Start of RECORDS SHOWN

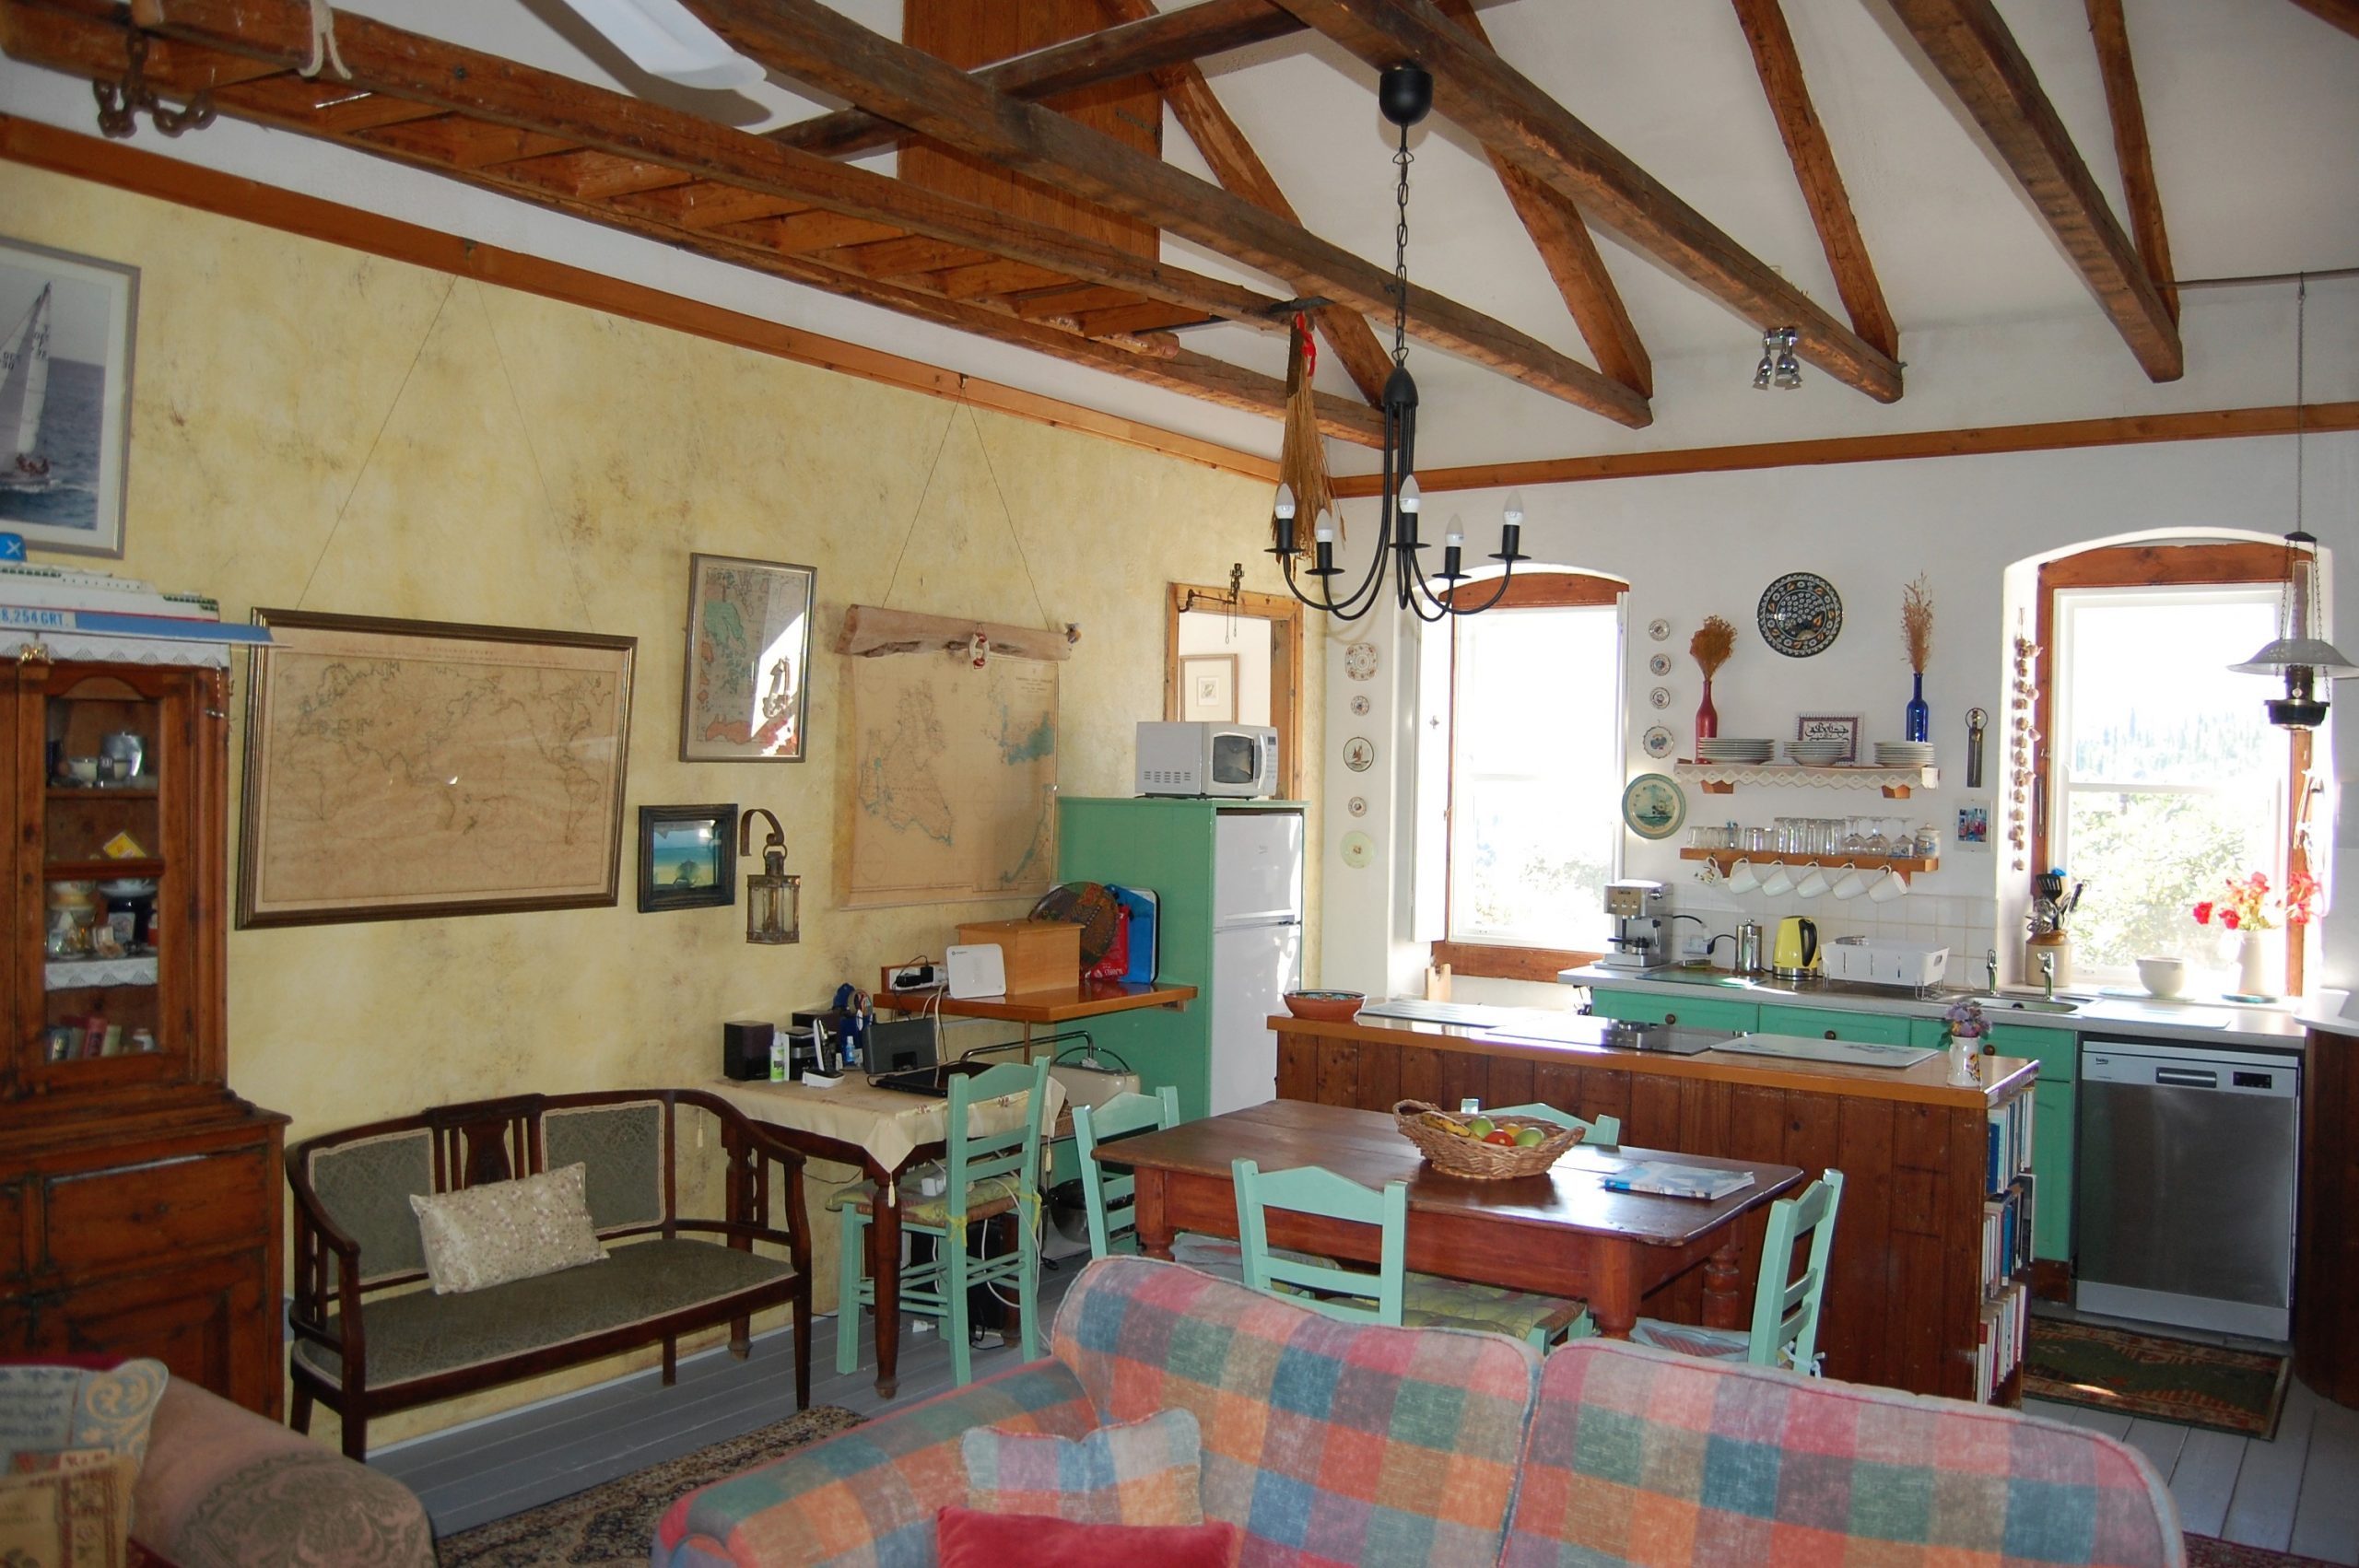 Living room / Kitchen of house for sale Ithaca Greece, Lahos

End of RECORDS SHOWN
Start of RECORDS SHOWN

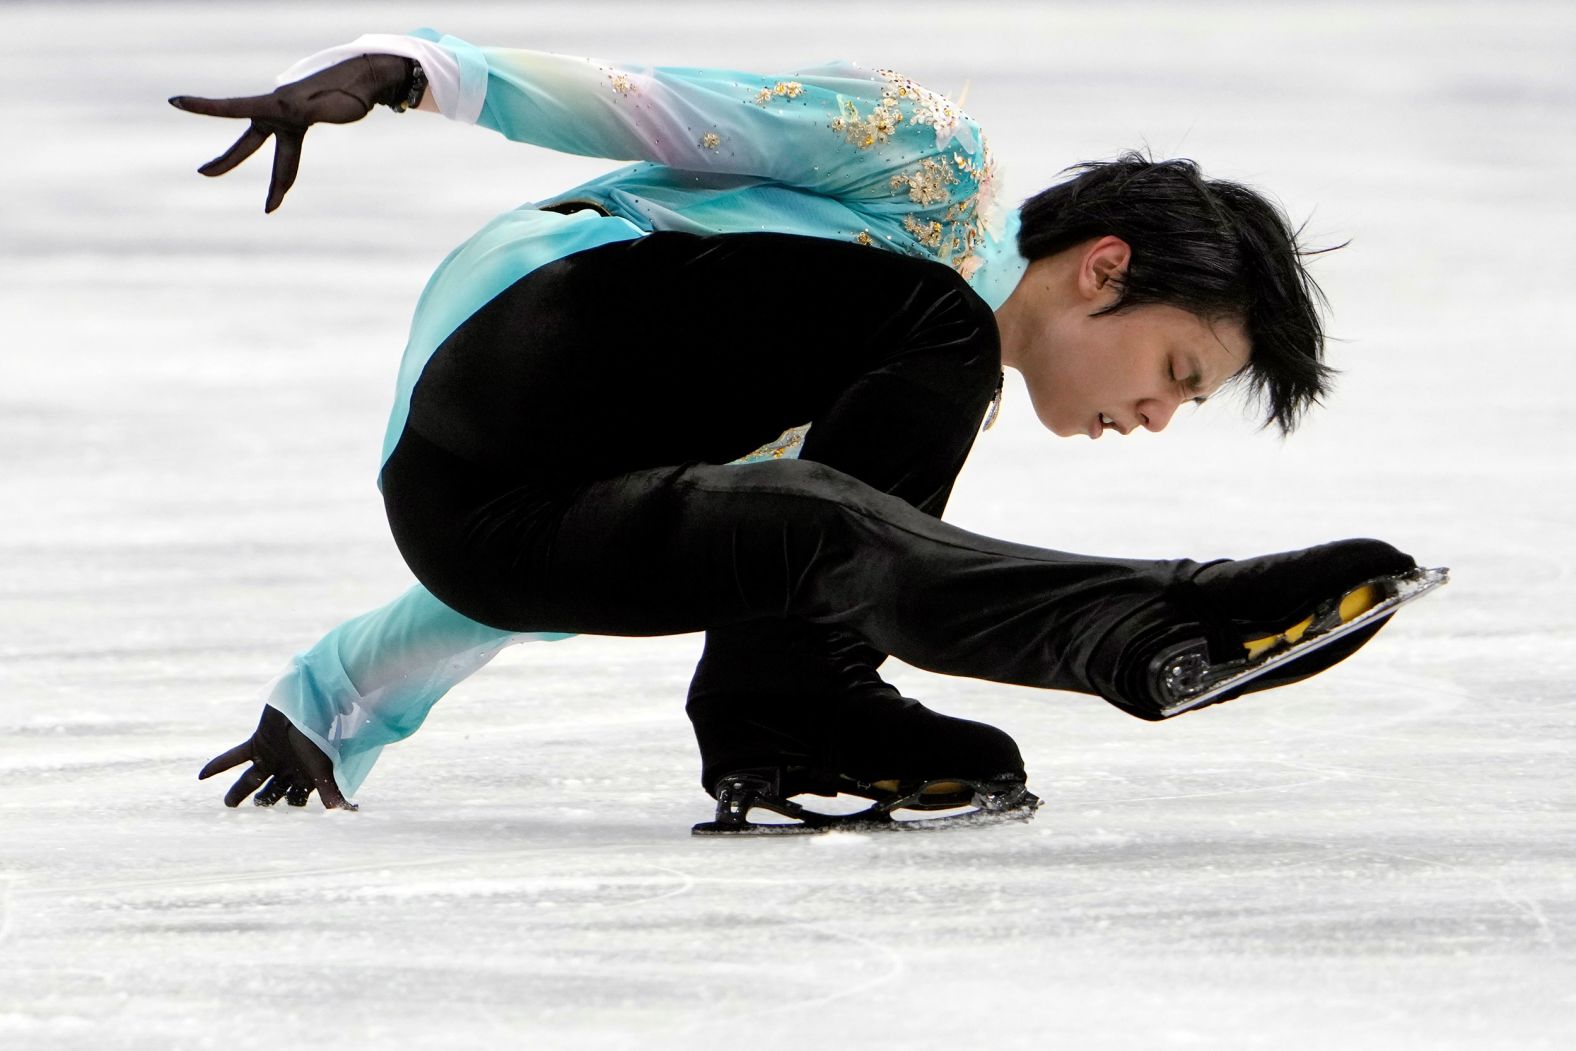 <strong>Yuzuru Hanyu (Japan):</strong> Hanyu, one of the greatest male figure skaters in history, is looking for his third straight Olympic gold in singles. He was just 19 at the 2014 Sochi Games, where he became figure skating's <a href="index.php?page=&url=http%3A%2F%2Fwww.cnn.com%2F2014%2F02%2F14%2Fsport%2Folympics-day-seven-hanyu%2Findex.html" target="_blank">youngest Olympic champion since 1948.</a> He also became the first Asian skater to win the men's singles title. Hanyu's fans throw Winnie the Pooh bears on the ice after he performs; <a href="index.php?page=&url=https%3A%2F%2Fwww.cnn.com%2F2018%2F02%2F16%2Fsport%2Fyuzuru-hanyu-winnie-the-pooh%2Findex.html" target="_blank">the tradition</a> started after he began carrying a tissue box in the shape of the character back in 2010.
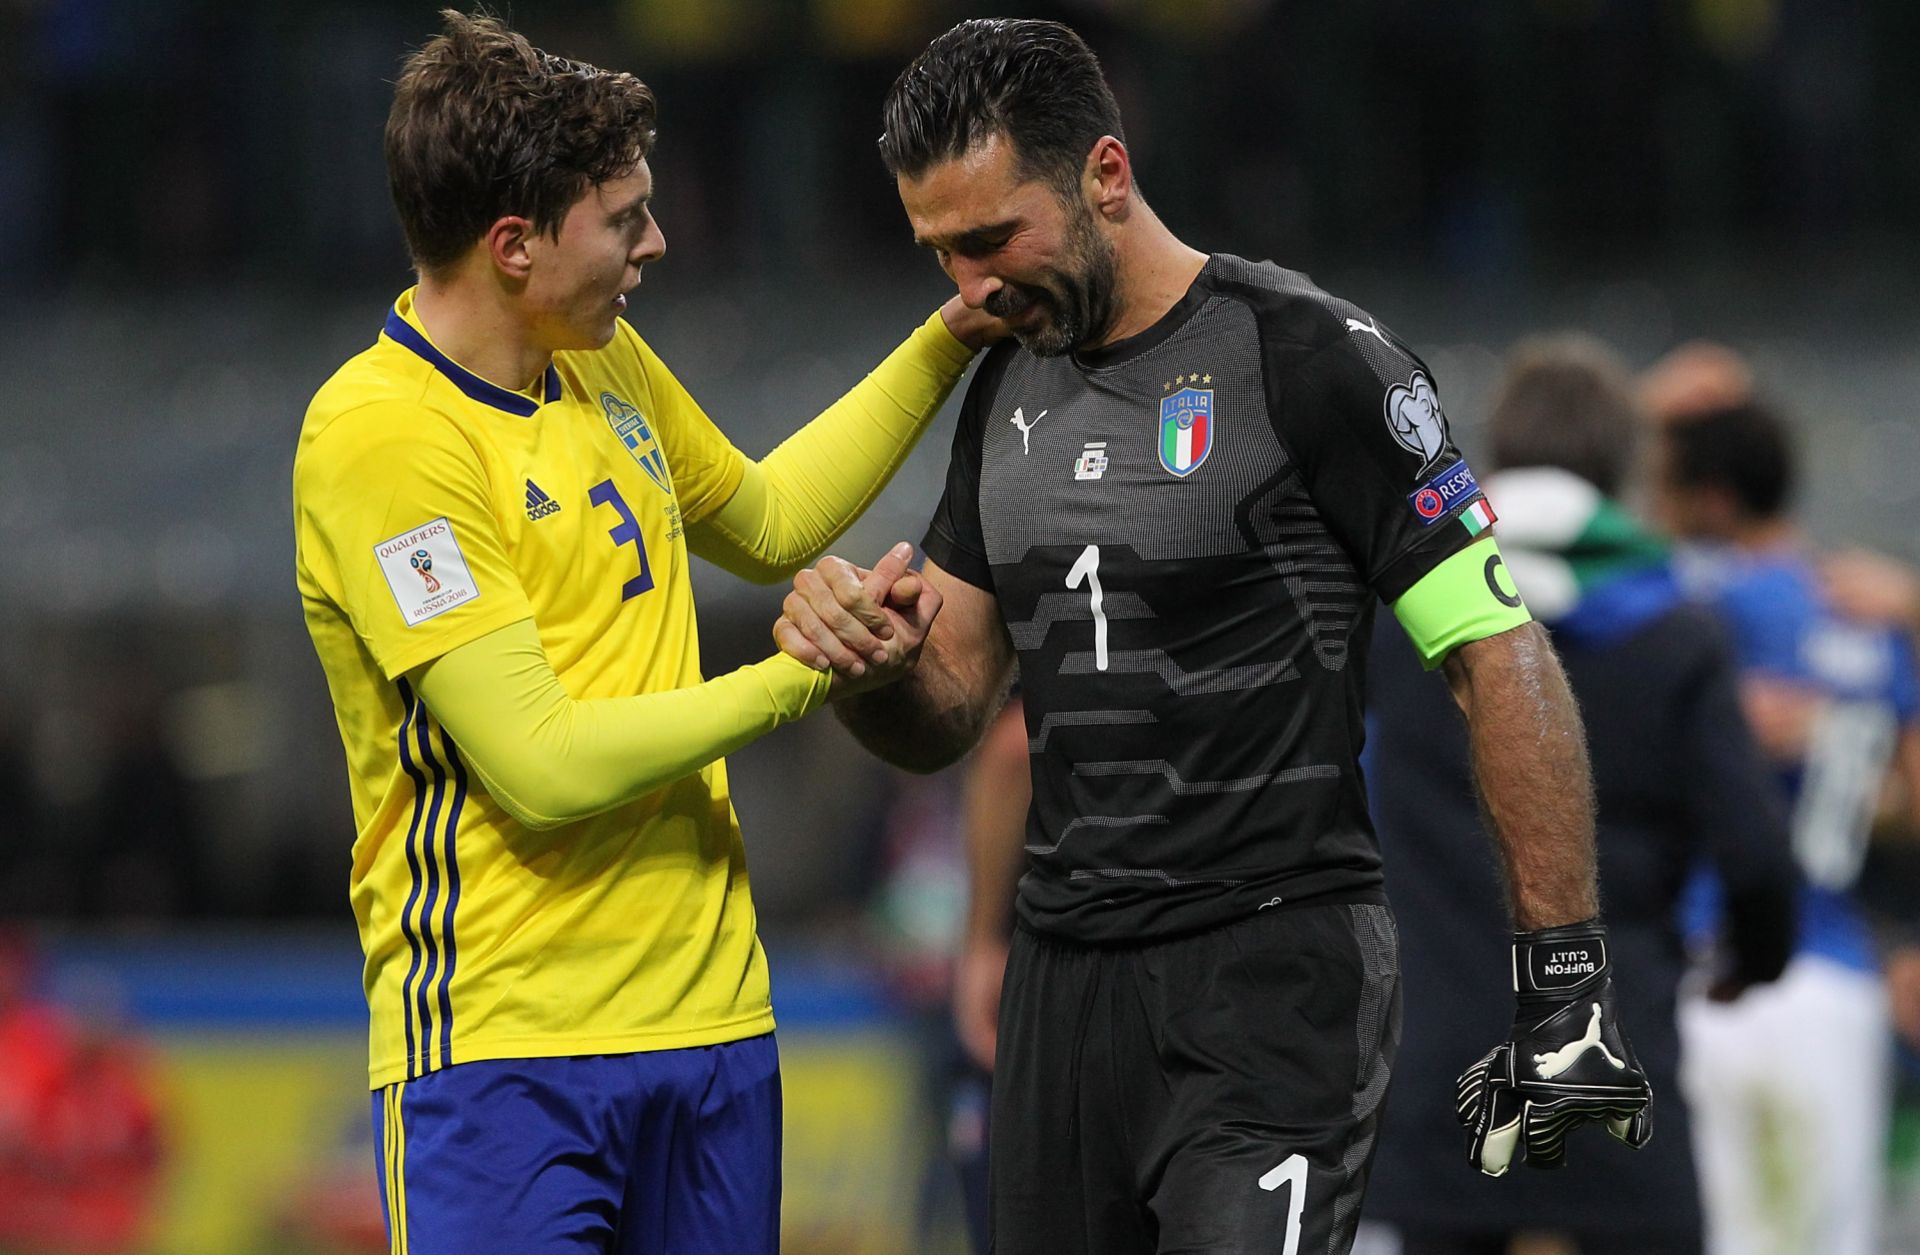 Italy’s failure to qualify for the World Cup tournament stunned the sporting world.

End of RECORDS SHOWN

Starting at the line with "<strong>Yuzuru Hanyu (Japan):</strong>" in the entries above, write out every line exactly until the line with "Italy’s failure to" has been written. Include no pictures and nothing more.

 <strong>Yuzuru Hanyu (Japan):</strong> Hanyu, one of the greatest male figure skaters in history, is looking for his third straight Olympic gold in singles. He was just 19 at the 2014 Sochi Games, where he became figure skating's <a href="index.php?page=&url=http%3A%2F%2Fwww.cnn.com%2F2014%2F02%2F14%2Fsport%2Folympics-day-seven-hanyu%2Findex.html" target="_blank">youngest Olympic champion since 1948.</a> He also became the first Asian skater to win the men's singles title. Hanyu's fans throw Winnie the Pooh bears on the ice after he performs; <a href="index.php?page=&url=https%3A%2F%2Fwww.cnn.com%2F2018%2F02%2F16%2Fsport%2Fyuzuru-hanyu-winnie-the-pooh%2Findex.html" target="_blank">the tradition</a> started after he began carrying a tissue box in the shape of the character back in 2010.
 Italy’s failure to qualify for the World Cup tournament stunned the sporting world.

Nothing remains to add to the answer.